This physiological mechanism is explained by the elastic elements of the muscle - the elasticity of the sarcolemma and connective tissue, located parallel to the contractile muscle fibers.

Also, during stretching, the overlap of myofilaments on each other changes, but this does not affect the stretch curve, since at rest, cross-links between actin and myosin are not formed. Pre-stretching (passive stretching) is added to the force of isometric contractions (active contraction force).

Calcium ions

To better understand the process of fiber activation by calcium ions, it is convenient to consider the structure of the actin filament. Its length is about 1 micron, thickness - from 5 to 7 nm. This is a pair of twisted threads that resemble an actin monomer. Approximately every 40 nm there are spherical troponin molecules, and between the chains there are tropomyosin molecules.

When calcium ions are absent, that is, myofibrils relax, long tropomyosin molecules block the attachment of actin chains and myosin bridges. But when calcium ions are activated, tropomyosin molecules descend deeper and the areas open up.

Myosin bridges then attach to actin filaments, ATP is broken down, and muscle strength develops. This becomes possible due to the effect of calcium on troponin. In this case, the molecule of the latter is deformed, thereby pushing through tropomyosin.

When a muscle is relaxed, it contains more than 1 µmol of calcium per gram of wet weight. Calcium salts are isolated and stored in special storage facilities. Otherwise, the muscles would contract all the time.

Calcium is stored as follows. At different parts of the muscle cell membrane, there are tubes inside the fiber through which connection occurs with the environment outside the cells. This is a system of transverse tubes. And perpendicular to it there is a system of longitudinal ones, at the ends of which there are bubbles (terminal tanks), located in close proximity to the membranes of the transverse system. Together we get a triad. It is in the bubbles that calcium is stored.

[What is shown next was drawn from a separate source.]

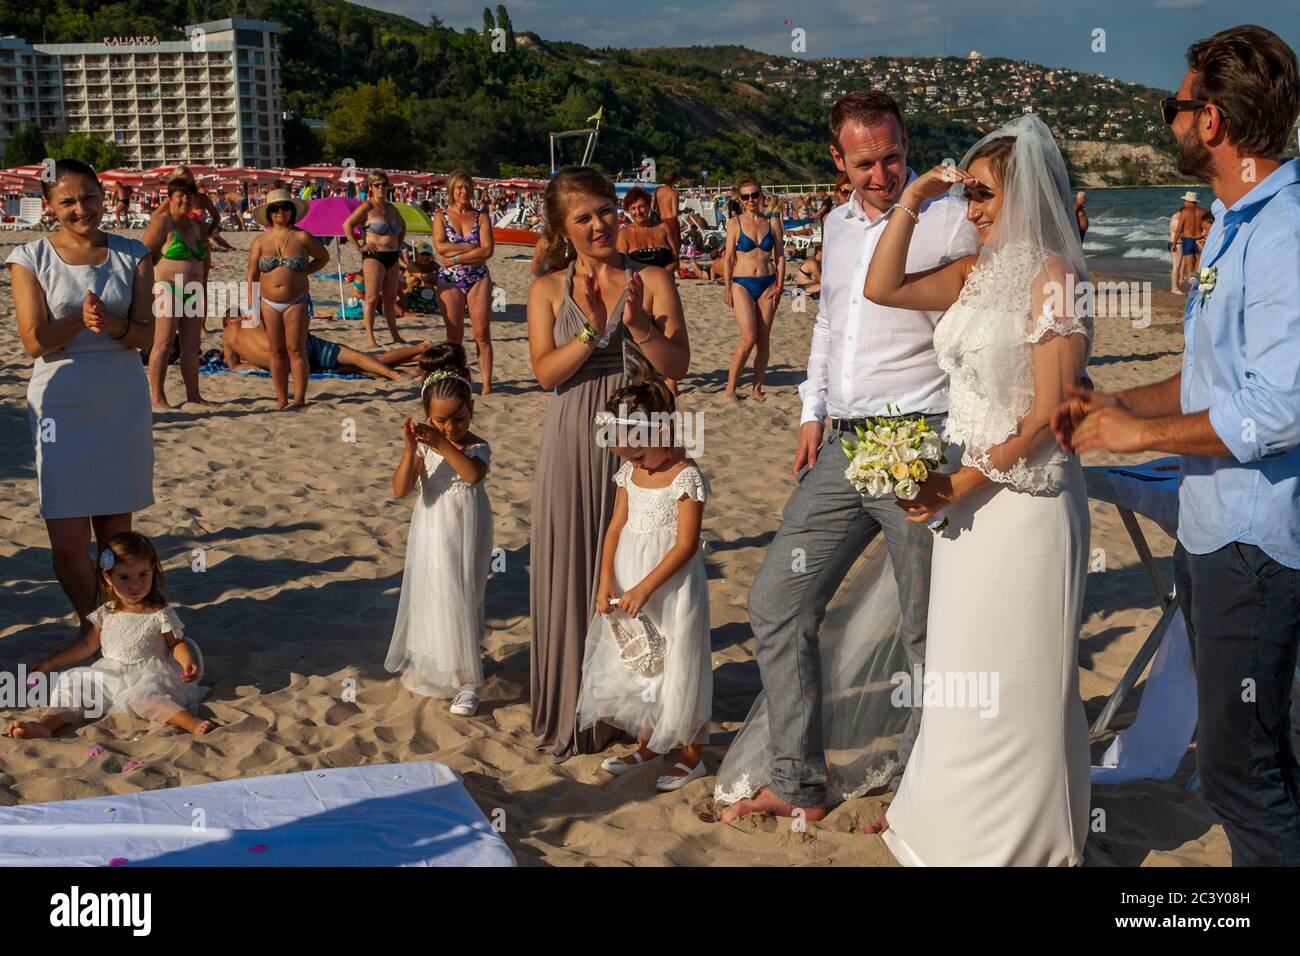 Sotto gli occhi di bagnanti stranieri una cerimonia nuziale bulgara si svolge volentieri sulla spiaggia del mare nero Foto Stock

This is how the PD spreads into the cell, and electromechanical coupling occurs. The excitation penetrates the fiber, passes into the longitudinal system, and releases calcium. This is how the muscle fiber contraction mechanism occurs.

Mechanics of muscle contractions[edit | edit code]

Source: “Sports Diagnostics”
Author:
Professor V.P. Guba, 2020

If a muscle is stimulated with a short electrical impulse, after a short latent period it contracts. This contraction is called a “single muscle contraction.” A single muscle contraction lasts about 10-50 ms, and it reaches maximum strength after 5-30 ms.

Each individual muscle fiber obeys the “all or nothing” law, i.e., when the force of stimulation is above a threshold level, a complete contraction occurs with the maximum force for a given fiber, and a stepwise increase in the force of contraction as the force of stimulation increases is impossible. Since the mixed muscle consists of many fibers with different levels of sensitivity to excitation, the contraction of the entire muscle can be stepwise depending on the strength of irritation, with strong irritations activating deeper muscle fibers.

Filament sliding mechanism[edit | edit code]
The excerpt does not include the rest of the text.